Minggu, 05 April 2015

-Tanpa Judul- (Review Film Melancholy Is A Movement)

Saat dialog absurd antara sang aktor dengan sang sutradara selesai, disusul munculnya nama sang sutradara diikuti para pendukung film muncul di layar, saya masih berharap akan ada 1 adegan lagi yang akan menghubungkan semua cerita di dalam film melancholy is a movement. Harapan saya pudar seiring dengan lampu bioskop mulai dinyalakan. Hal ini membuat saya berjalan keluar bioskop dengan pikiran berkecamuk. Otak saya tak mau berhenti bekerja menyusun berbagai kemungkinan kepingan puzzle  untuk  menemukan sesuatu yang hendak disampaikan dalam film ini. Rangkaian kejadian-kejadian di film ini terlalu indah untuk dibiarkan tercerai berai tanpa alunan cerita yang menghubungkan semuanya. Sebuah cerita untuk menjawab kegalauan si tokoh utama. 

Melancholy is a movement adalah sebuah film yang bercerita tentang seorang sutradara idealis bernama Joko (Joko anwar yang memerankan dirinya sendiri). Dia tampak berduka, murung, berdiam diri karena seakan kehilang sesuatu (atau seseorang). Kedatangan seorang sahabat yang juga seorang aktor Bayu, (Ariyo bayu yang juga memerankan dirinya sendiri) membawa kita ke sebuah misteri dimana tampak Bayu dan Joko tampak mengubur sesuatu (atau seorang). Rangkaian kejadian yang tampak misterius ini rupanya menjadi alasan sang sutradara meletakkan idealismenya untuk membuat film dengan genrenya yang tidak disukainya. 

Melancholy is a movement hadir dengan adegan adegan yang didominasi keheningan yang menggambarkan kemurungan nan misterius dari sang tokoh utama yang selalu hadir datar dan dingin. Hal ini menjadi kekuatan sekaligus titik lemah film, bagaimana film ini harus membuat sang penonton tetap bertahan untuk terus merasakan perasaan murung tanpa diberi penjelasan mengapa perasaan murung itu harus ada, lalu menjadi titik balik kehidupan sang tokoh utama. Film menjadi terasa sangat berat saat film yang berjalan tak linear menghadirkan adegan-adegan nan absurd, bahkan saya tak sanggup memberi judul untuk review film ini, karena tak berhasil menemukan benang merah dalam film ini.

Kekuatan dan sekaligus kelemahan film ini juga terjadi saat film ini mendapuk Joko anwar sebagai sang tokoh utama. Joko anwar memang tak menghadirkan penampilan spesial, tetapi tak ada karakter yang sempurna untuk mengisi sang tokoh utama selain karakter Joko anwar di dunia nyata. Pujian untuk sang sutradara Richard oh, yang mampu menghadirkan keunikan-keunikan dari keterbatasan sang tokoh utama. 

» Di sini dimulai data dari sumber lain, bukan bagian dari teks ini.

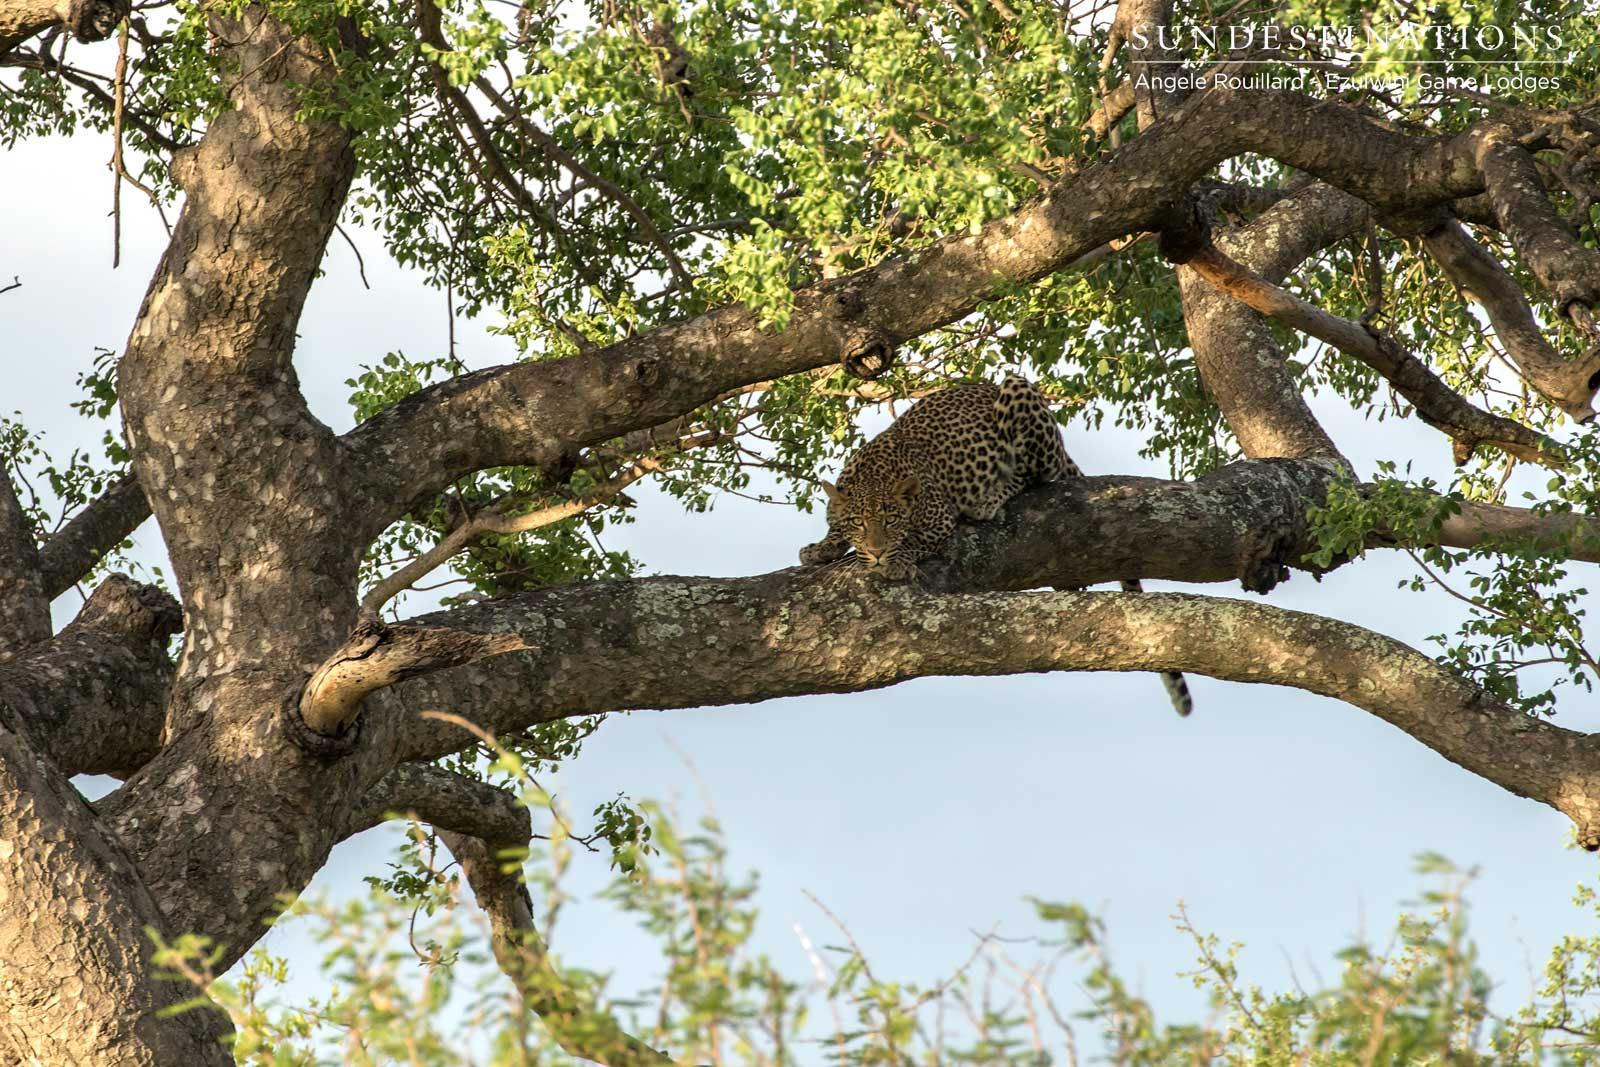 Leopards of Ezulwini

Bagaimana film ini meracik kelemahan sekaligus kekuatan, membuat film ini hadir bukan untuk semua orang. Dia menjadi semacam eksperimental movie walau mungkin saja sang film maker ingin menghadirkan film yang tidak harus melulu seperti apa yang kita lihat. Si pembuat film sendiri tampaknya tahu bahwa filmnya bukan untuk semua jenis penonton. Oleh sebab itu dihadirkan trailer yang seakan memberikan resume cerita untuk penonton awam, serta menghadirkan dunia para filmmaker sebagai background untuk menarik penonton yang disasar film ini yaitu para movie freak. Para movie freak seperti saya yang haus akan film-film yang berbeda dan bersyukur masih ada ruang untuk film seperti ini di layar bioskop Indonesia.

Masih menebak arti adegan ini
Kembali ke cerita film, 2 hari setelah menyaksikan film ini di bioskop, otak saya masih terus menyusun puzzle untuk menginterpretasikan cerita film ini. Fokus saya terpusat pada beberapa adegan, antara lain : adegan obrolan telepon antara sang sutradara Upi yang meminta nasehat soal FTV yang dibuatnya, adegan obrolan Joko dengan seorang pemain Biola, dan adegan saat Joko anwar mengisi sebuah kelas film maker, dan ditutup dengan obrolan sang sutradara bahwa alur tak harus dituntaskan. Adegan - adegan ini membawa saya ke kesimpulan "Melancholy is a movement" adalah film yang sangat lucu.

Film komedi yang mungkin saja mentertawakan orang-orang yang mencoba menginterpretasikannya.

Atau ada yang punya interpretasi lain?